Political incorrectness — Trump’s undoing?

Apparently being politically incorrect in the game of politics is still not all that fashionable in USA. Not just yet


Bisma Tirmizi September 29, 2015
The writer is a storyteller at heart and a journalist by profession. She is based in the US

I’ve never been a Donald Trump fan, but his initial entrance into the Republican presidential race left me intrigued. Repulsive and egoistical, he nevertheless appeared somehow less of a hypocrite than the seasoned politicians he was challenging. I started paying a bit more attention to him and some of his policies, namely on immigration, and his repeated stance of not accepting money from lobbyists started making a little bit of sense.

Immigration, you say? Yes, immigration! To become legal citizens, immigrants go through a tedious process. All who enter the US with legal documentation go through a rigorous system. They do their best to hold on to jobs and/or education, submit hundreds of documents and finally after years of hard work become naturalised citizens. Their struggle and toil is real, hence illegal immigration makes a mockery of the people who have acquired legal citizenship after putting in a lot of hard work. So, Trump insisting that illegal immigration into a sovereign country must be deemed unacceptable is not so unacceptable. His style of asserting the same is wrong, but his policy, not so much.

There is also the issue of lobbyists. Candidates rely heavily on funding from lobbyists during their election campaigns, and then on being elected, end up catering to the demands of the same, shelving the concept of working for the greater good. Hence, the sudden upsurge in Trump’s rating is actually understandable. Repulsive he is, but he also makes just a wee bit of sense, and more so to the right wing citizenry when he talks about less government, less immigration, lower taxes, and much more money in the pockets of ordinary folks.

But then came the town hall event in New Hampshire and the question that may eventually signal the end of Trump’s campaign, and perhaps even Ben Carson’s too, even if they are still being deemed as front-runners among the Republican presidential candidates. One of the audience members at the event made the following statement while asking Trump a question: “We have a problem in this country. It’s called Muslims. We know our current president is one. He’s not even an American.”

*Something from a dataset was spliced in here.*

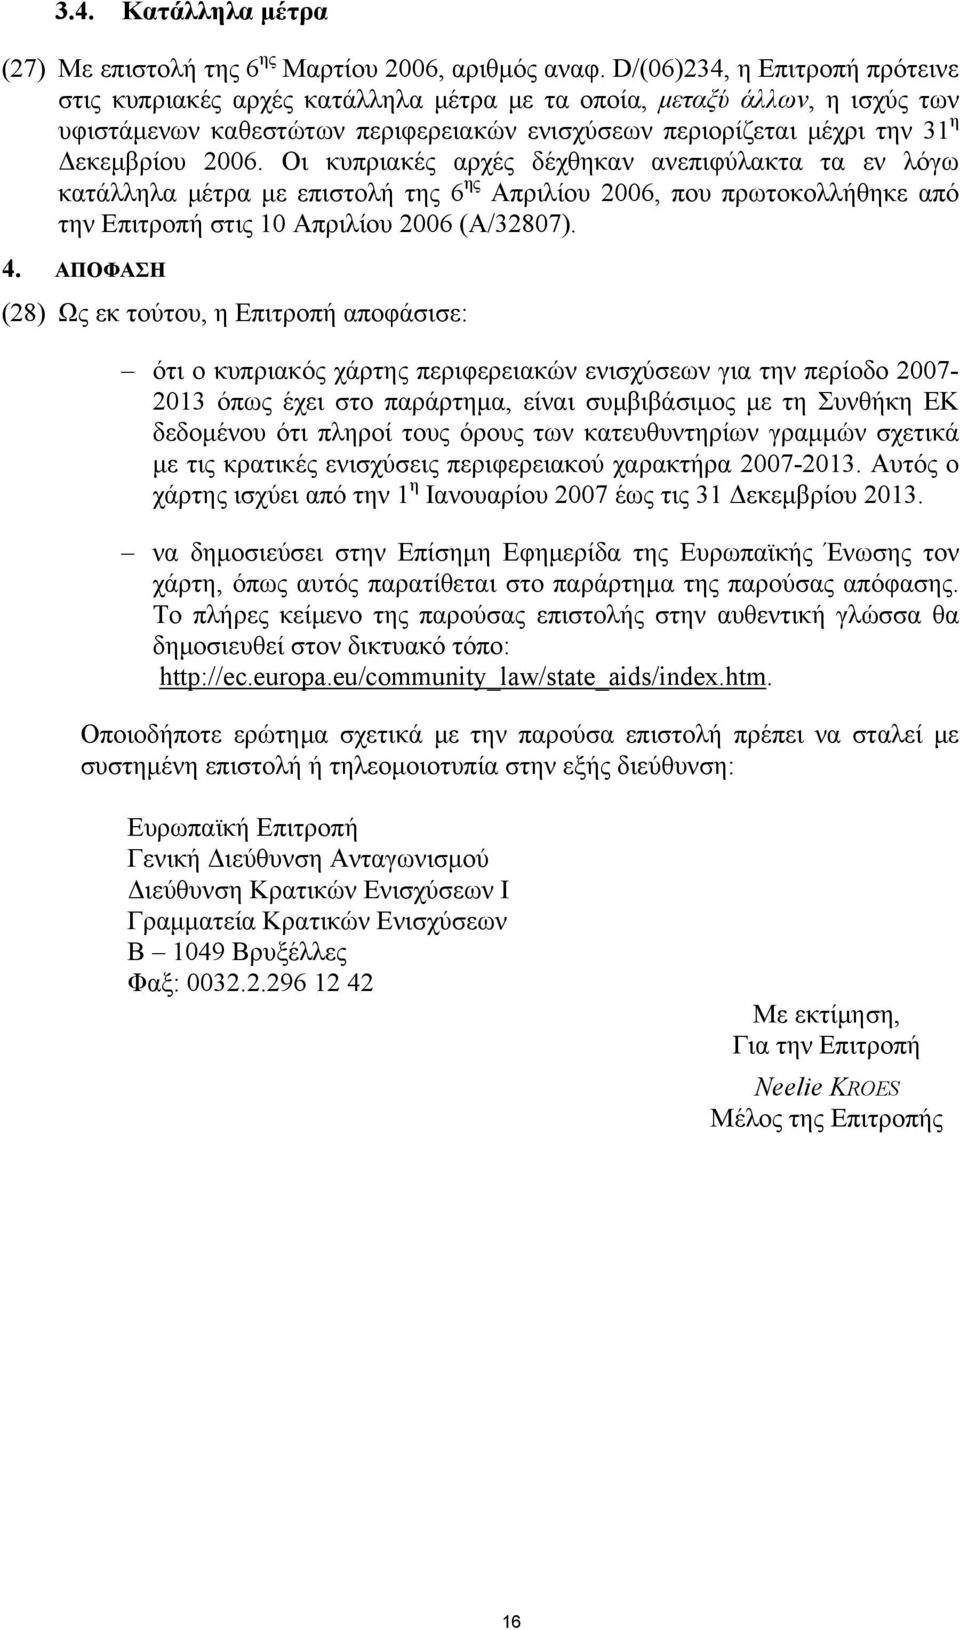 Οι κυπριακές αρχές δέχθηκαν ανεπιφύλακτα τα εν λόγω κατάλληλα μέτρα με επιστολή της 6 ης Απριλίου 2006, που πρωτοκολλήθηκε από την Επιτροπή στις 10 Απριλίου 2006 (A/32807). 4.

Trump’s inability to correct the man, or call him out on the statement, and thereafter defending himself for not doing so, will be his downfall. And for that I credit Americans. Later, Carson’s remarks, implying that a Muslim cannot and must not become president of the US, will be his downfall. And for that I credit Americans too. The outrage here is palpable, and this isn’t so because of a few million Muslims raising a hue and cry. There has been an uproar by the centrists and by the left. And to their credit, some on the right were offended too; however disingenuous, they stand steadfast by their Constitution — granting the right of freedom of religion — and hence believe in not judging someone on their belief system, but on the merit of character.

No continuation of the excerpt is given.